Investors who back such ventures may reap benefits in the long-term. Below are three industries in which China is currently displaying dominance.

Robotics

Image: Photo by Franck V. on Unsplash

In 2017, the International Federation of Robotics reported China to be the strongest marketplace in the world for the robotics industry. The group found that China boasts the most operational industrial robots on the planet. That total number is predicted to be around 950,300 units by 2020. 

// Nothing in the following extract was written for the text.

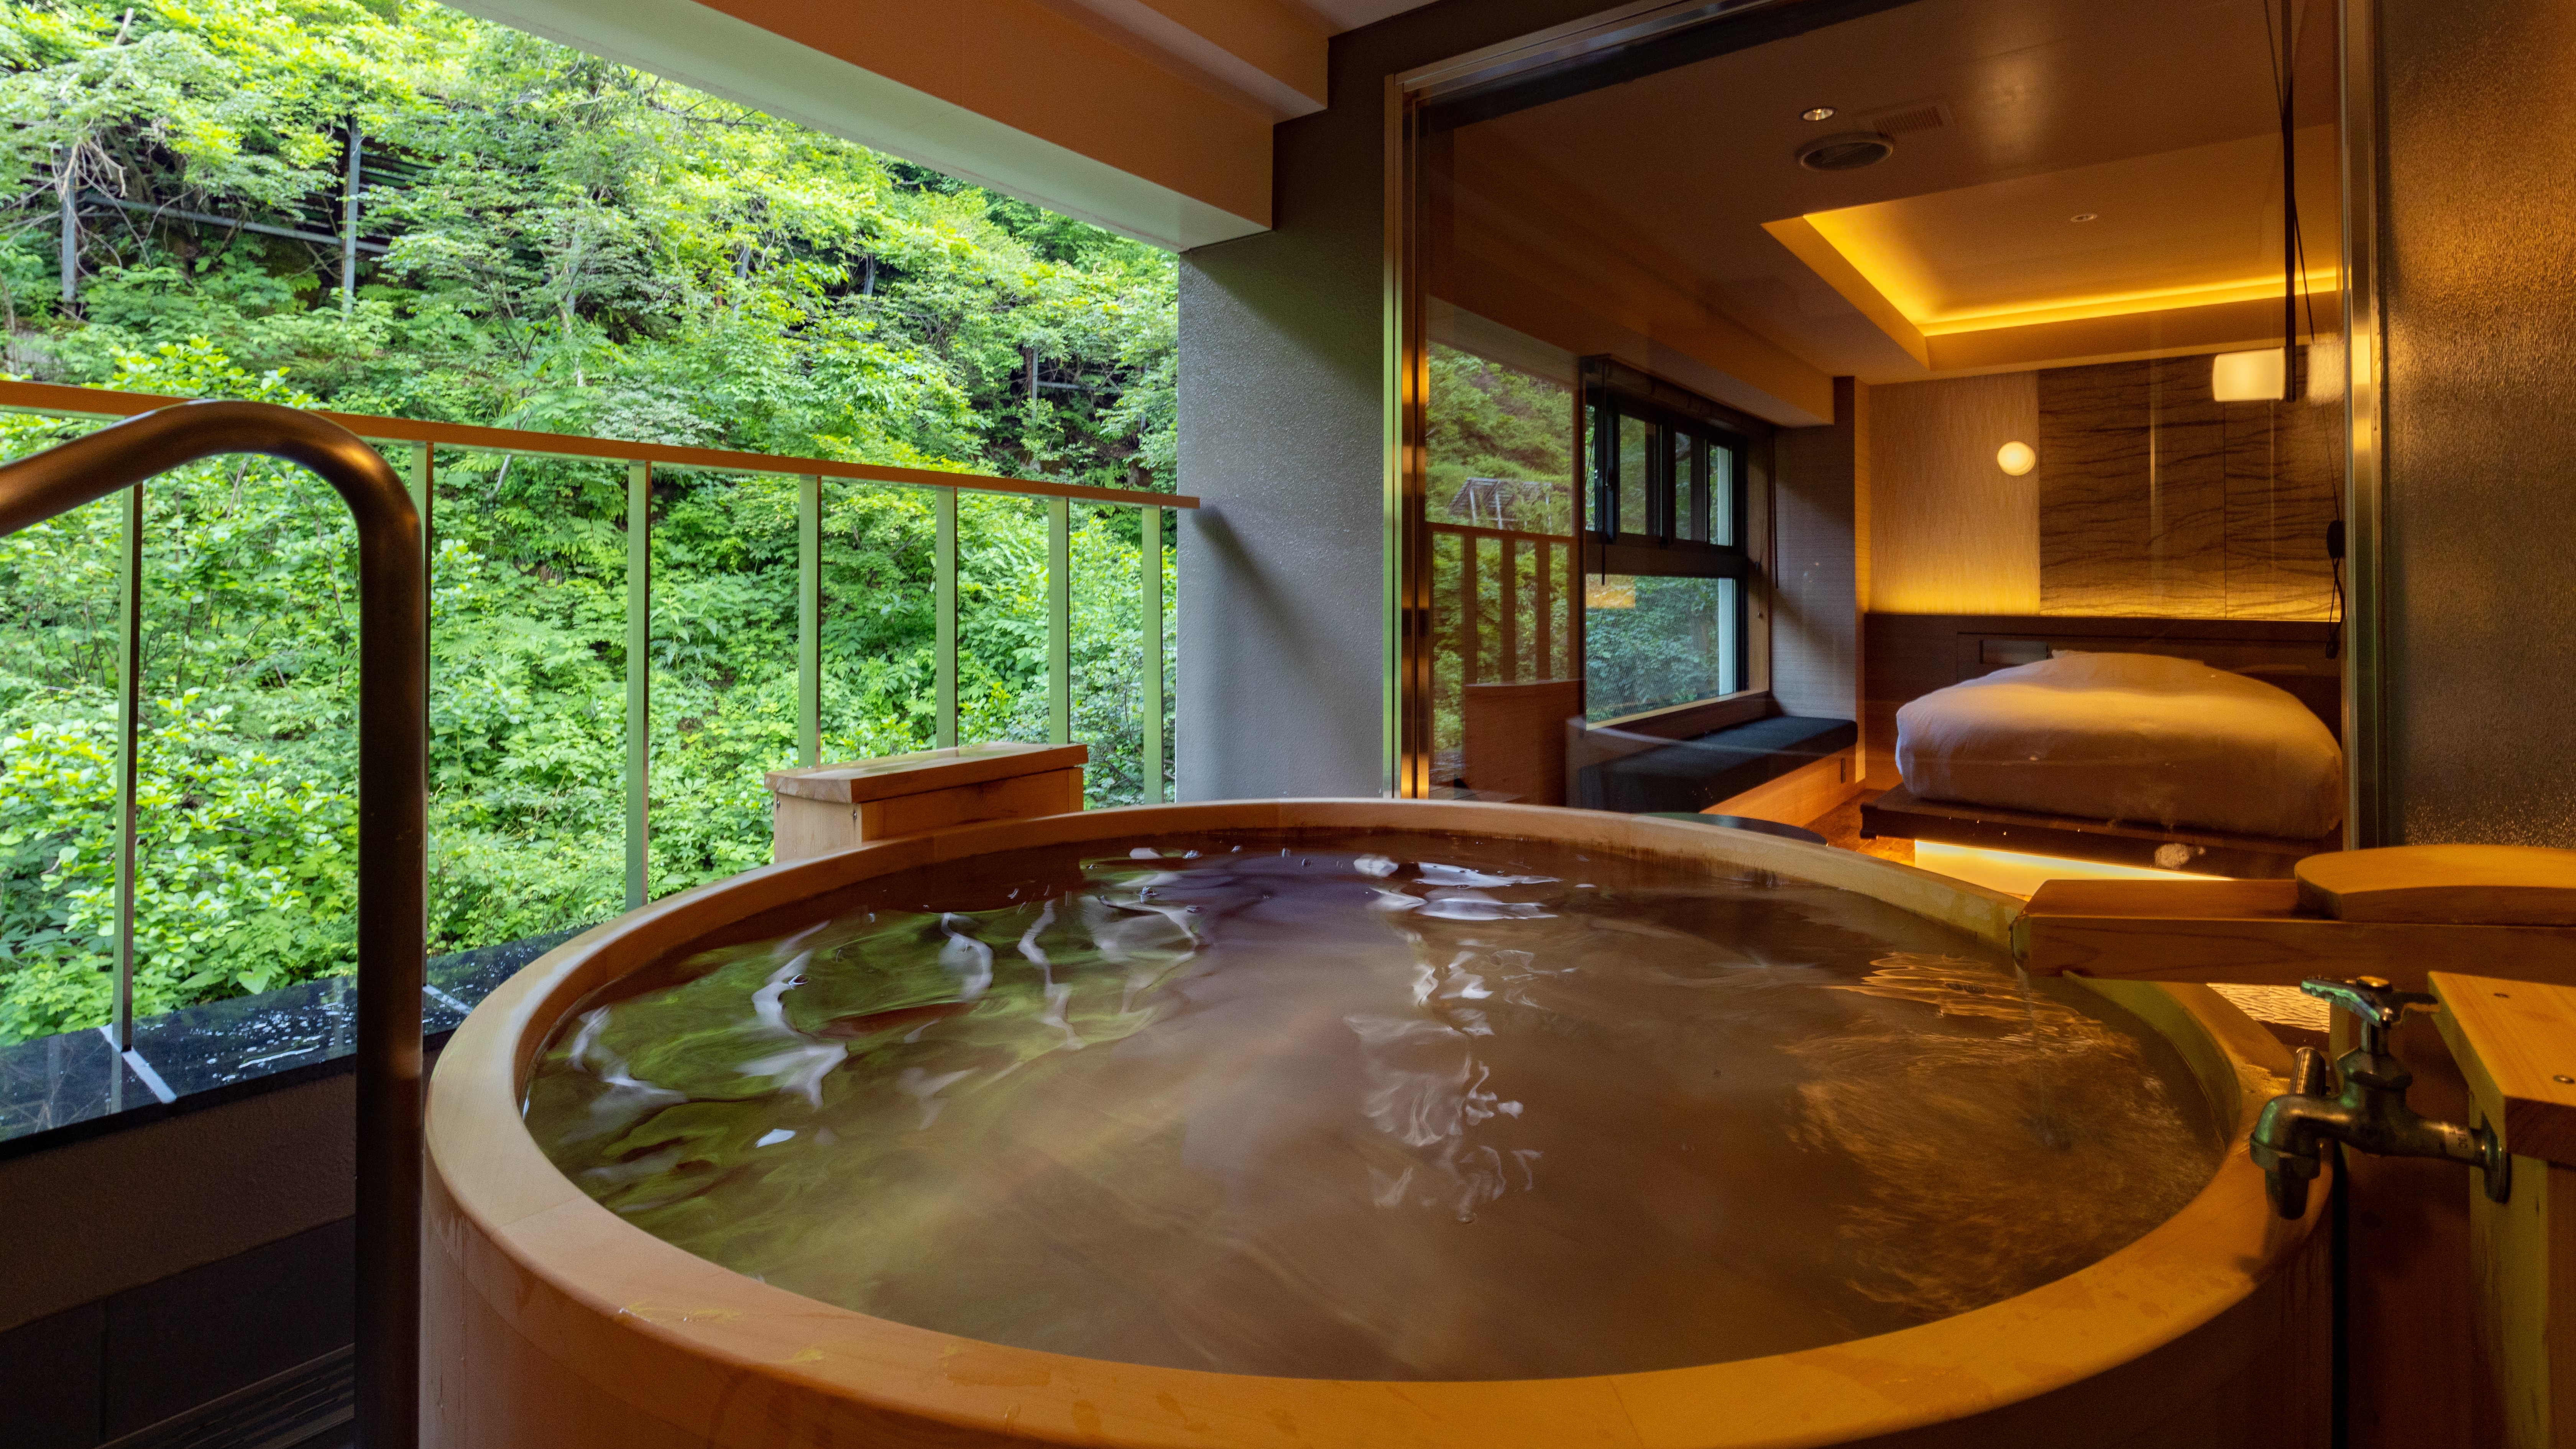 【檜】檜造りの露天風呂は、檜の香りが落ち着きをもたらしてくれます。

Industrial robotics systems are considered foundational to the rise of “smart factories,” which may further cement China’s status as a global Mecca for manufacturing. On a smaller scale, robots are becoming common sights in public spaces in China including on streets — fully robotic parking garages, for instance — and even in dining establishments. Alibaba recently deployed a futuristic restaurant concept, Robot.He dinners, with robot waiters in place of human servers.

Artificial intelligence

The emerging field of artificial intelligence (AI) nicely complements innovations happening in the robotics arena. Today, some of China’s most prominent technology companies are investing heavily in R&D for AI. Three of China’s major tech companies — Baidu, Alibaba, and Tencent (BAT) — have announced huge and ongoing commitments to AI innovation. Some of the most impressive advancements are occurring in the promising field of deep learning.

Major international players are also turning their attention to China for further development of AI. In late 2017, for instance, Google announced plans to open an AI center in Beijing. 

Two of the foundational technologies behind advanced AI include image and voice-recognition software. According to the Ministry of Industry and Information Technology, China is now competitive with other global leaders in voice- and image-recognition technologies. These systems increasingly underpin platforms such as ride-sharing apps, security systems, and “social credit” schemes.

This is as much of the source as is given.